======== DATA SHOWN ========

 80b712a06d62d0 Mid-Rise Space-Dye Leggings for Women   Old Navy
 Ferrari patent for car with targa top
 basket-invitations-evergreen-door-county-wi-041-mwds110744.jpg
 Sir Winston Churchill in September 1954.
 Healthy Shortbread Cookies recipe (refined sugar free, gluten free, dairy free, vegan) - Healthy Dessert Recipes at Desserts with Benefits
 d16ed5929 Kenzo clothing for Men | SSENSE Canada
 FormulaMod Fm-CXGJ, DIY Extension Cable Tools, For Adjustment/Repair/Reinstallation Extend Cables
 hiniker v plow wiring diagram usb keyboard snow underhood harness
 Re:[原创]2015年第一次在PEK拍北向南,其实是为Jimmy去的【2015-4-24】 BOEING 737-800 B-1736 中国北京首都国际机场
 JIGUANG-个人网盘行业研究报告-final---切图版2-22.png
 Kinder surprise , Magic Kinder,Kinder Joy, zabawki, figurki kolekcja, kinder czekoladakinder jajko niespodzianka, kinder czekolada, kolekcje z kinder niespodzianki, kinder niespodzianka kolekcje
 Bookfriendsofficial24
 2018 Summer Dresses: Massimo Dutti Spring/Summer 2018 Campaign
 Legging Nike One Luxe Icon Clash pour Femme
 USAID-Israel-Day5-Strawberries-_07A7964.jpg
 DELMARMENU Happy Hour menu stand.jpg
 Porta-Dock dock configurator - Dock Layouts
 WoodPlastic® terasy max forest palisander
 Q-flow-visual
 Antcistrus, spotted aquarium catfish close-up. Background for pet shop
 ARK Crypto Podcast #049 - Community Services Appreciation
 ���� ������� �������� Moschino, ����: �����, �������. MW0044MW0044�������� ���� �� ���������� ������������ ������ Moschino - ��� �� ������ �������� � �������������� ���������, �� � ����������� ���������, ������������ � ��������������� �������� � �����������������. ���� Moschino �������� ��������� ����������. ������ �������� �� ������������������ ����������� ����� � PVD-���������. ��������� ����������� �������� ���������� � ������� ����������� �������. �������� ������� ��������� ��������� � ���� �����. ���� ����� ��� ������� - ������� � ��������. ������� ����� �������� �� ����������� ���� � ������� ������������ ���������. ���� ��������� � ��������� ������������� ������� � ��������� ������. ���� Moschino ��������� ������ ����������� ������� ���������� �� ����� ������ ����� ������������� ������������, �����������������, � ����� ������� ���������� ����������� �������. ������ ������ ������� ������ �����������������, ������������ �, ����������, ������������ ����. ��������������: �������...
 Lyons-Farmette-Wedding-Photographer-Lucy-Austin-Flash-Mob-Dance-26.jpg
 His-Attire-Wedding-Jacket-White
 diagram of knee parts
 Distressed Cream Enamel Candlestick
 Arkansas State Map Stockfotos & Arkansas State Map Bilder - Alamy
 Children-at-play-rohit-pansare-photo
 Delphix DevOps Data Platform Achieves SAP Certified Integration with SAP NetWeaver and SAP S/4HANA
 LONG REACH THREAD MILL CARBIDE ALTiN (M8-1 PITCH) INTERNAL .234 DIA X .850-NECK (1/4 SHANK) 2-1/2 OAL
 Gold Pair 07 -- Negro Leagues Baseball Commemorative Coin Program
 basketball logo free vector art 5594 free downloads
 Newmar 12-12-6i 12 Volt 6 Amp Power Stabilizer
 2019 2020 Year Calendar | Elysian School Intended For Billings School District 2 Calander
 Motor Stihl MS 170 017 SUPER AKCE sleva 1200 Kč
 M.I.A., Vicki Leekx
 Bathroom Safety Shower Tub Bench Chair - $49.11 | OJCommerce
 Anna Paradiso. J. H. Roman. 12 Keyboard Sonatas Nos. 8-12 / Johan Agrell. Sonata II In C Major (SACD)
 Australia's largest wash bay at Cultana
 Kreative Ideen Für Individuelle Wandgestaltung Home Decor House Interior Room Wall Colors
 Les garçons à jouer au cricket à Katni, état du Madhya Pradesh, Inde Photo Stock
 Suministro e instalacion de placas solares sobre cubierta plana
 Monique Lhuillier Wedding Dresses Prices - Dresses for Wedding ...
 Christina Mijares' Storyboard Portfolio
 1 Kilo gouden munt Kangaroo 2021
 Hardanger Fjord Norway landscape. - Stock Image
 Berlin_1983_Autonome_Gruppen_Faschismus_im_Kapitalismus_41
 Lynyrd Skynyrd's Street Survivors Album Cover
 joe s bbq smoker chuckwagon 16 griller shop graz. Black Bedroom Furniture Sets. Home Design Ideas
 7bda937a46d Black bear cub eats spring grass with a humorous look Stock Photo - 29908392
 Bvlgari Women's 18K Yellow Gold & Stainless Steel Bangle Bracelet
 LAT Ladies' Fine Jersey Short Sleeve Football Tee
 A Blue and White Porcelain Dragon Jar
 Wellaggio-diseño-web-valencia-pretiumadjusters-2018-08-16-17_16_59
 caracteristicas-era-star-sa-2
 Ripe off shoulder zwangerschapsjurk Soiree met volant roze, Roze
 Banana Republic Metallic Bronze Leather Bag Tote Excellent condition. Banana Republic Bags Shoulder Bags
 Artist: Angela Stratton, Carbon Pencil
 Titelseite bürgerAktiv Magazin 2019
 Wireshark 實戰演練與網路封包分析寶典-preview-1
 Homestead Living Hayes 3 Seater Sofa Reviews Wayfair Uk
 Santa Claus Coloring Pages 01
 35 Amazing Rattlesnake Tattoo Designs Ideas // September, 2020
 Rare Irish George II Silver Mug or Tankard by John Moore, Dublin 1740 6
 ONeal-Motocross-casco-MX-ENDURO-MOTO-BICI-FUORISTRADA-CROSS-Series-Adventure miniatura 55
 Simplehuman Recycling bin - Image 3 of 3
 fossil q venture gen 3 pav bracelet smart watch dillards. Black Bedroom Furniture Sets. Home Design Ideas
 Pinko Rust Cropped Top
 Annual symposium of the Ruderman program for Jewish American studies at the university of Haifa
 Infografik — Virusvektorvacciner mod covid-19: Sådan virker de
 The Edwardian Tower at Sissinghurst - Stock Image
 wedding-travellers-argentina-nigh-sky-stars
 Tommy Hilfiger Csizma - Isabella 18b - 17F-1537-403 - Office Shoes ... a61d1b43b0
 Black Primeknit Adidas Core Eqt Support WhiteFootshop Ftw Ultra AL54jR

========

| WORK REQUIRED |
In the entries above, the lines from the one bearing "2019 2020 Year" up to and including the one bearing "1 Kilo gouden munt Kangaroo 2021" should be transcribed exactly; no other line is wanted.

| TASK SOLUTION |
 2019 2020 Year Calendar | Elysian School Intended For Billings School District 2 Calander
 Motor Stihl MS 170 017 SUPER AKCE sleva 1200 Kč
 M.I.A., Vicki Leekx
 Bathroom Safety Shower Tub Bench Chair - $49.11 | OJCommerce
 Anna Paradiso. J. H. Roman. 12 Keyboard Sonatas Nos. 8-12 / Johan Agrell. Sonata II In C Major (SACD)
 Australia's largest wash bay at Cultana
 Kreative Ideen Für Individuelle Wandgestaltung Home Decor House Interior Room Wall Colors
 Les garçons à jouer au cricket à Katni, état du Madhya Pradesh, Inde Photo Stock
 Suministro e instalacion de placas solares sobre cubierta plana
 Monique Lhuillier Wedding Dresses Prices - Dresses for Wedding ...
 Christina Mijares' Storyboard Portfolio
 1 Kilo gouden munt Kangaroo 2021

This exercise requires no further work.